Sulfation-dependent down-regulation of interferon-gamma-induced major histocompatibility complex class I and II and intercellular adhesion molecule-1 expression on tubular and endothelial cells by glycosaminoglycans
Yard, B.A.; Lorentz, C.P.; Herr, D.; van der Woude, F.J.

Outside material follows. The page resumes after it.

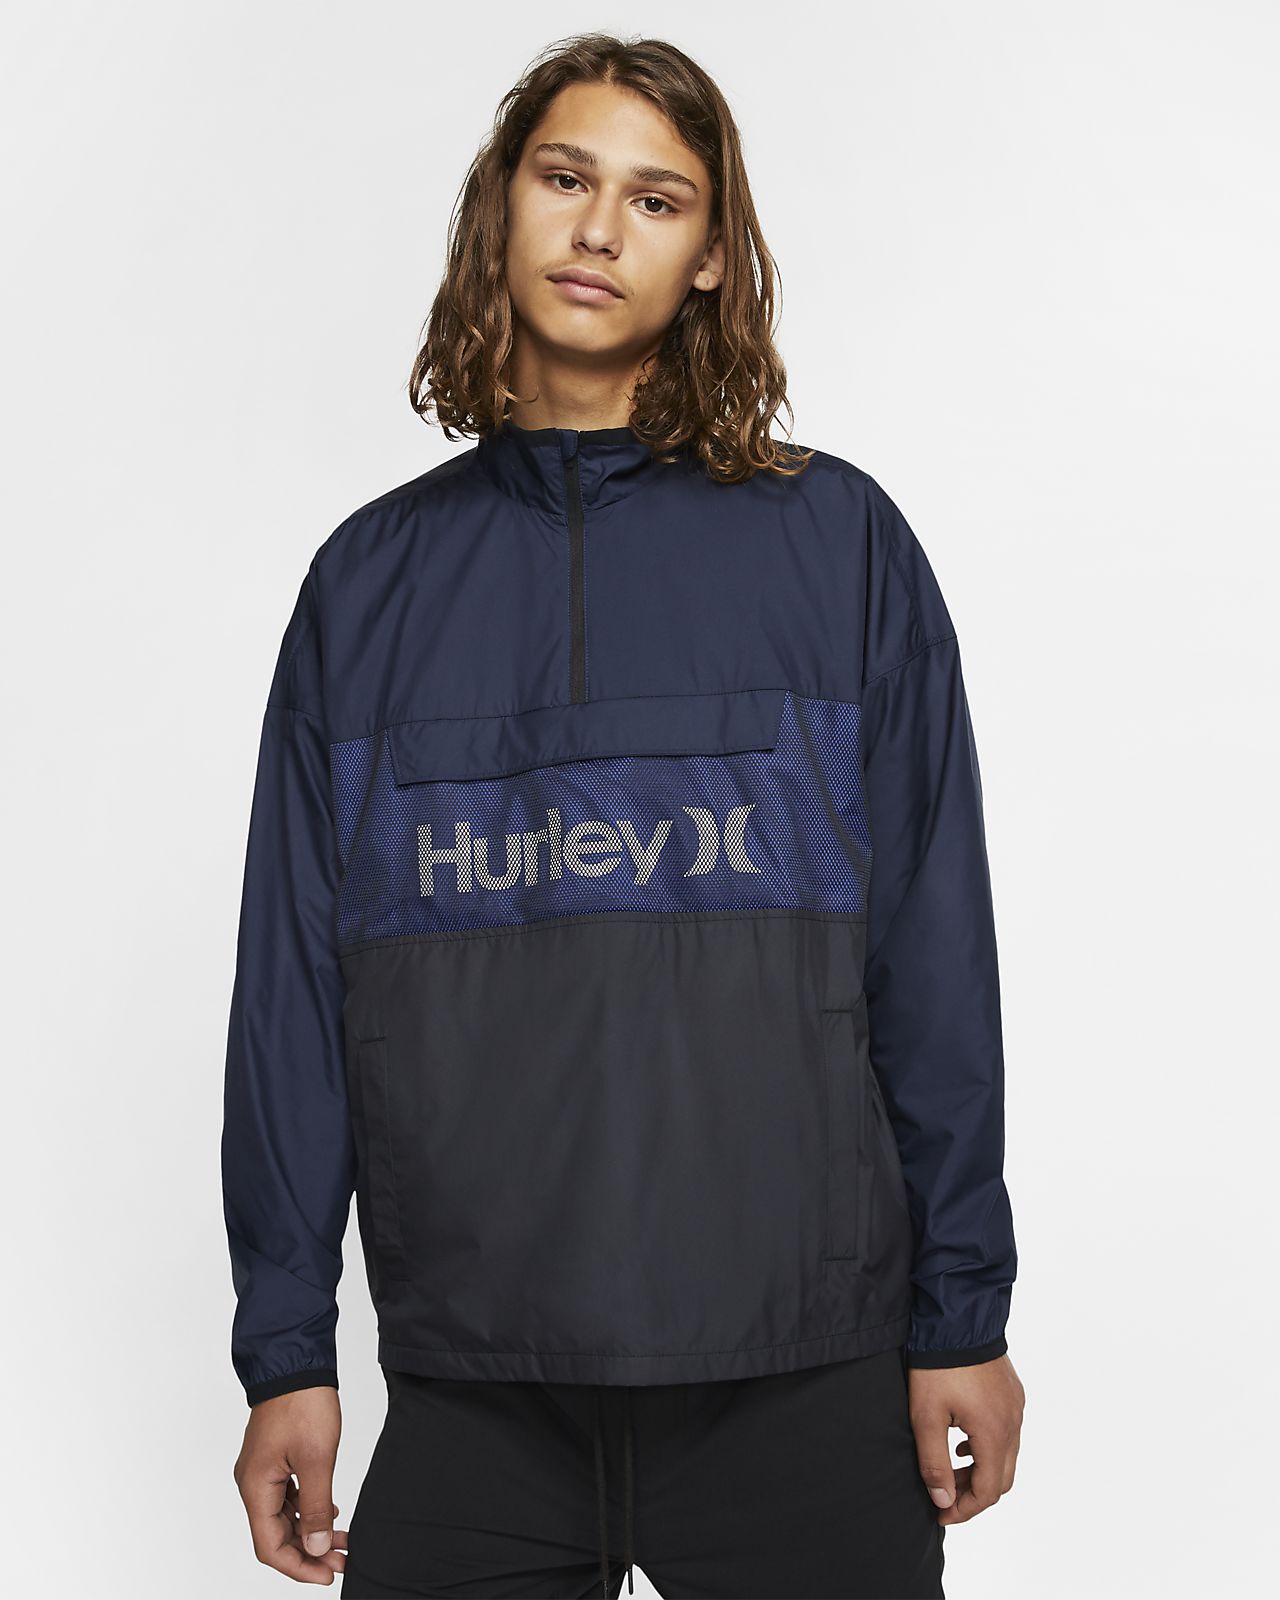 Hurley Mens Siege Windbreaker Jacket

Transplantation 66(9): 1244-1250
Background. Previously, it has been demonstrated that heparin inhibits major histocompatibility complex (MHC) class II and intercellular adhesion molecule-1 (ICAM-1) expression on interferon-gamma (IFN-gamma)stimulated human umbilical vein endothelial cells (HUVECs). Inasmuch as proximal tubular epithelial cells (PTECs) are prime targets in acute renal allograft rejection, we investigated whether there is a difference in the ability of heparin to influence MHC and ICAM-1 expression on PTECs as compared to HUVECs. We also studied whether the degree of sulfation of heparin is of relevance for the binding to IFN-gamma and inhibition of MHC and ICAM-1 expression after IFN-gamma stimulation. Methods. Cultured HUVECs and PTECs were stimulated with IFN-gamma for 72 hr in the presence or absence of various heparinoids. MHC and ICAM-1 expression were thereafter determined by fluorescence-activated cell sorting. Results. Heparin was able to inhibit the up-regulation of MHC and ICAM-1 in a dose-dependent fashion on both IFN-gamma-stimulated HUVECs and PTECs. In PTEC cultures, higher concentrations of heparin were required for the inhibition of MHC class 1. Heparin and supersulfated glycosaminoglycans (GAGs) were able to bind to IFN-gamma, whereas N-desulfated N-acetylated GAGs with a low amount of sulfate were not. Inhibition of cell-bound heparan sulfate proteoglycan sulfation with NaClO3 resulted in an impaired MHC and ICAM-1 expression after IFN-*y stimulation. Conclusion. We postulate that IFN-gamma binds to cell-bound heparan sulfate proteoglycan in a sulfation-dependent fashion. This binding may facilitate the interaction of IFN-gamma with its receptor. Supersulfated GAGs with low anti-coagulant activity could be used therapeutically to decrease MHC and ICAM-1 expression on organ grafts.